В другой части великого города многочисленная толпа, водрузившая знамя Веспасиана и уже понесшая урон, который скорее усилил ее ярость, чем ослабил пыль, надвигалась в стройном порядке, разделившись на три дивизии и строго соблюдая военную тактику. Сады Саллюстия, устроенные этим изящным и остроумным сенсуалистом вовсе не для битвы и кровопролития, сделались театром упорной борьбы. Одной из трех дивизий удалось разместиться внутри стен, и тогда битва, доселе происходившая только снаружи, началась в самом сердце римской столицы. Граждане видели ожесточенную войну в своих домах, видели, как родная им улица багровела от крови, как бледный солдат спотыкался на пороге той двери, где обыкновенно играли дети, видели разбросанные члены убитых вокруг того источника, где с весельем собирались девушки в летние вечера. Но хуже всего было то, что они видели, как вместо сердечных объятий между друзьями и соотечественниками братная рука умерщвляла брата.
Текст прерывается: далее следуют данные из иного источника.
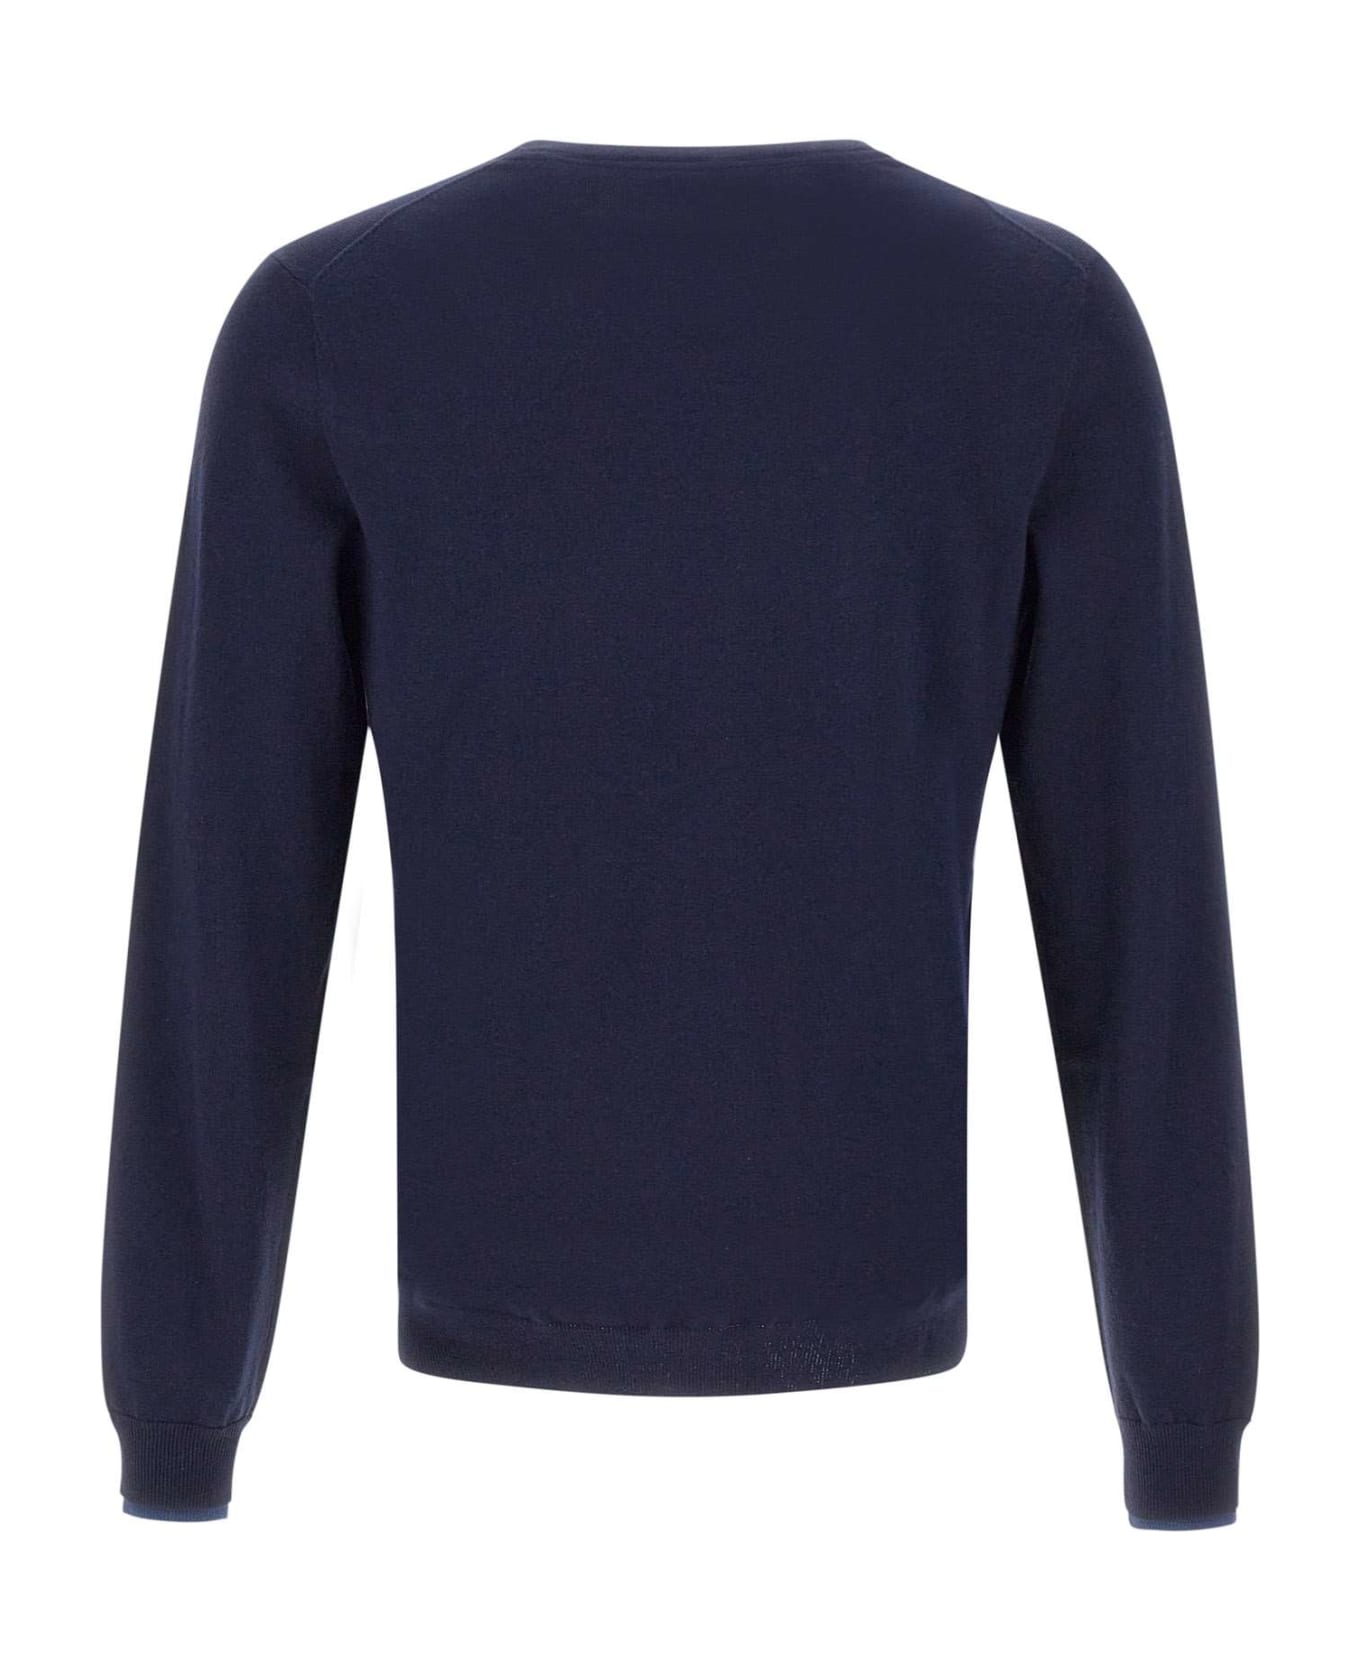 Sun 68 'round Double' Cotton And Wool Pullover Sweater - NAVY BLUE ニットウェア

Подобные ужасы могли только еще более деморализовать народ, уже с головой ушедший в жестокость, порок и беззаконие. Приученный к кровопролитиям ужасными зрелищами амфитеатра, римский гражданин не знал другого столь живого наслаждения, как созерцание агонии одного из себе подобных, пораженного жестокой смертью. Народ, казалось, смотрел на битву, происходившую на улице, как на увлекательную игру, предлагаемую для его развлечения. Шумные крики воодушевляли сражающихся, когда одна из двух сторон ослабевала в смертной схватке и теряла твердую почву. «Euge! Bene!..» — раздавалось со всех сторон для одобрения их, как будто это были нанятые гладиаторы, зарабатывающие свой ужасный кусок хлеба на арене. Что здесь было всего ужаснее, это то, что когда какой-нибудь раненый солдат тащился в дом, чтобы избежать смерти, то вместо того, чтобы оказать ему помощь, его встречали криками ярости и снова толкали на улицу, чтобы победители могли убить его согласно неумолимым законам амфитеатра.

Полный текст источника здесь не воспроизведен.